## [PROMPT]
Please return the lines below verbatim, beginning at the one that has "a black lanyard with the words chanel on it" and stopping after the one that has "Pair of French", and add no other lines.

## [SUPPLIED DATA]
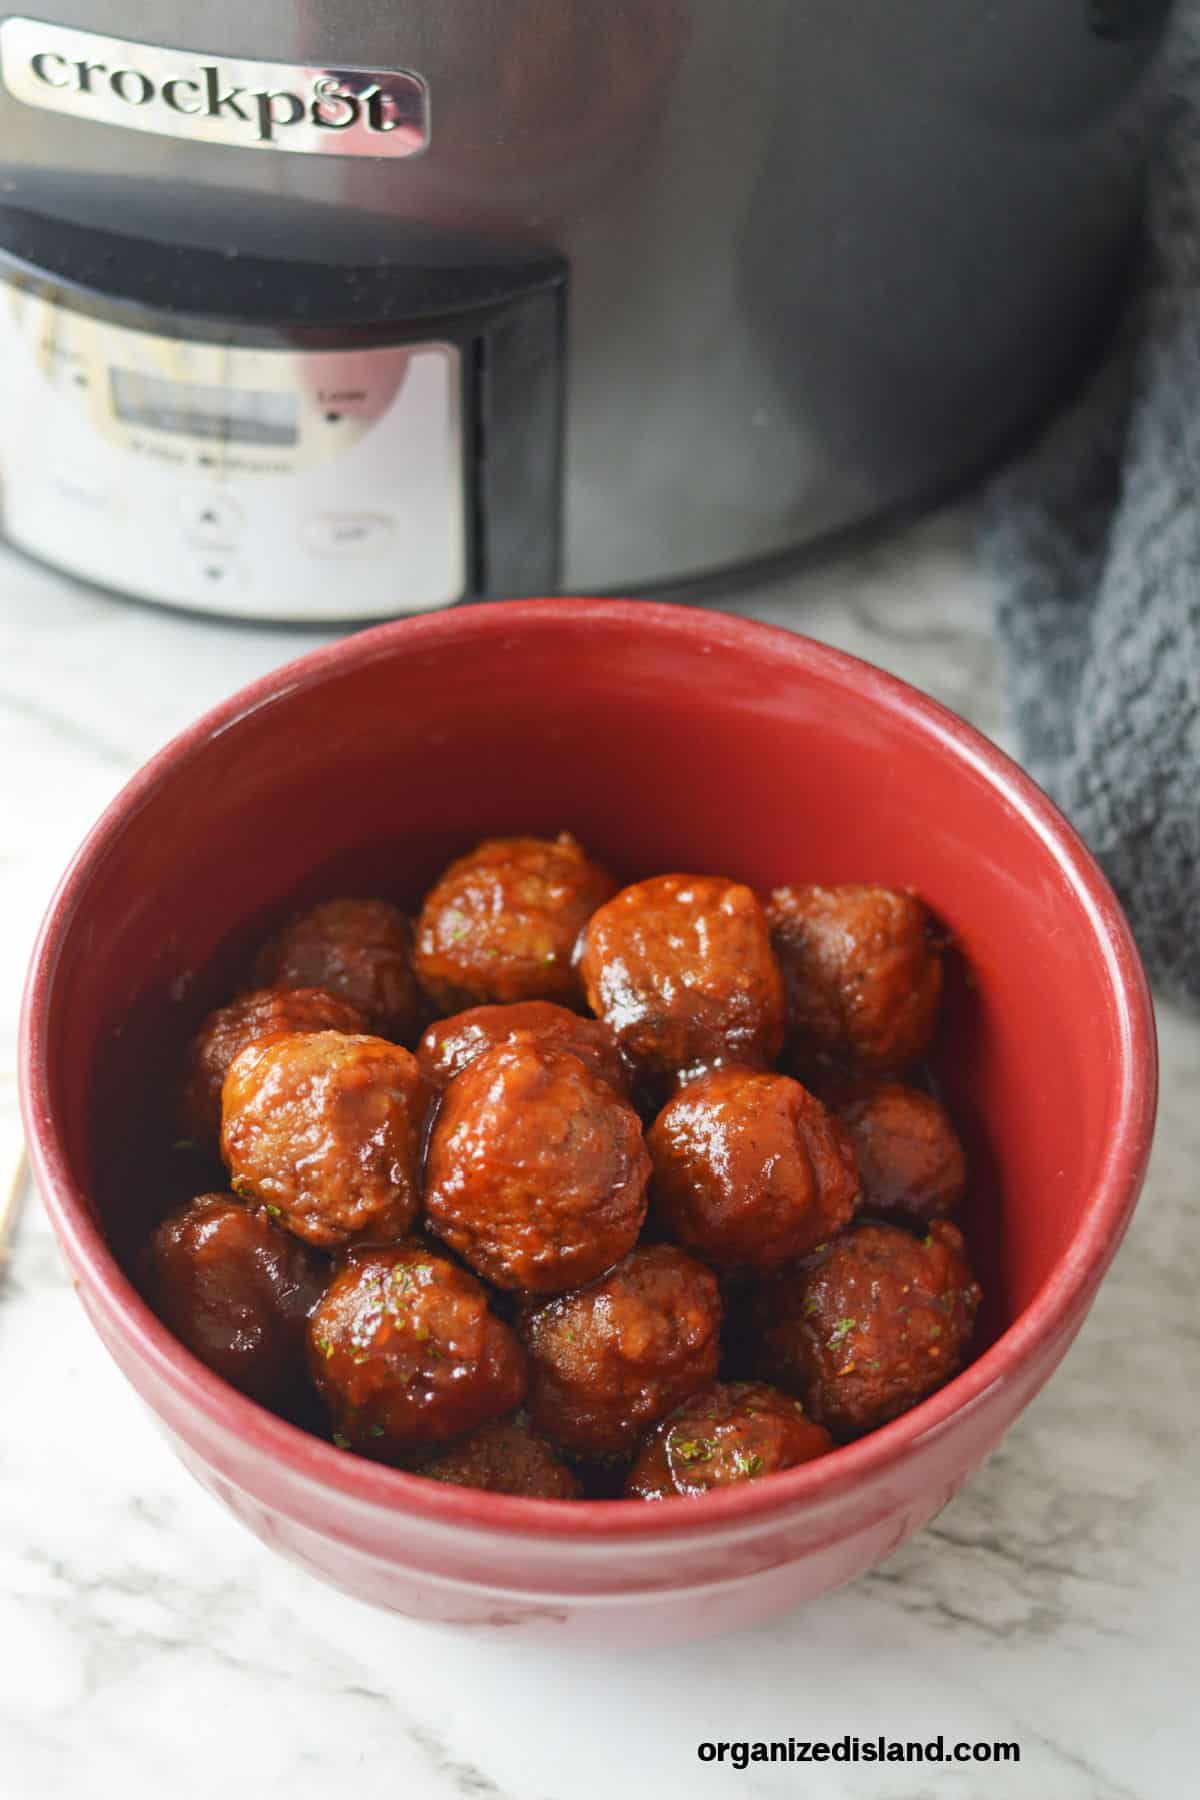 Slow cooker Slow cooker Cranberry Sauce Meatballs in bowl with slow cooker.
==
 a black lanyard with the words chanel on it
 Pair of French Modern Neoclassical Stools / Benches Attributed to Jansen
---
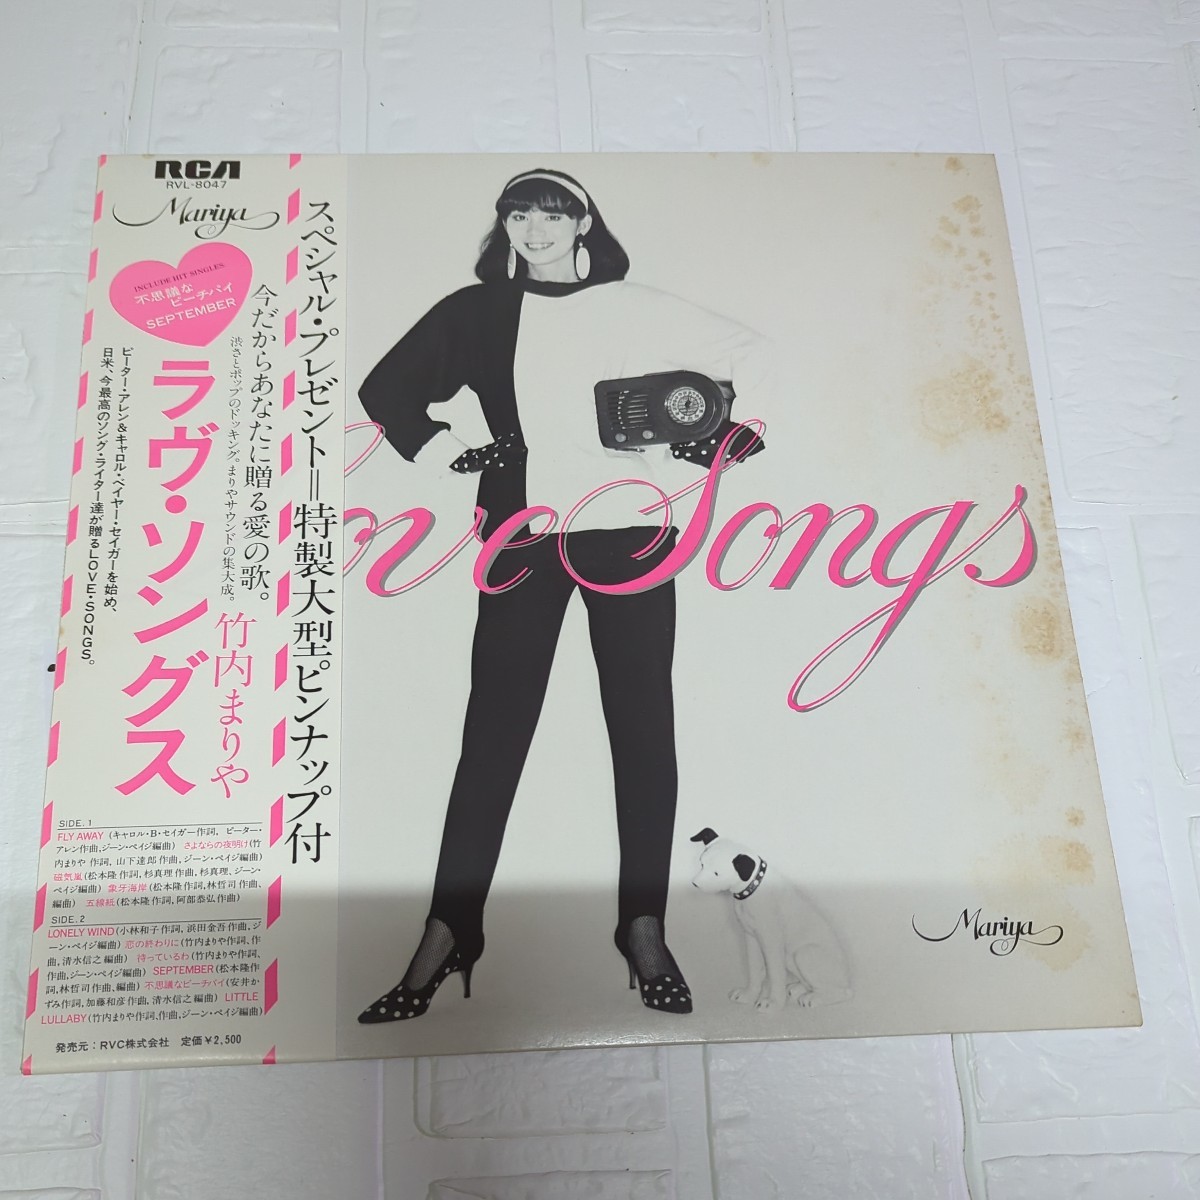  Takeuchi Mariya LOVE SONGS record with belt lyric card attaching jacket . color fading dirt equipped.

## [FINAL ANSWER]
 a black lanyard with the words chanel on it
 Pair of French Modern Neoclassical Stools / Benches Attributed to Jansen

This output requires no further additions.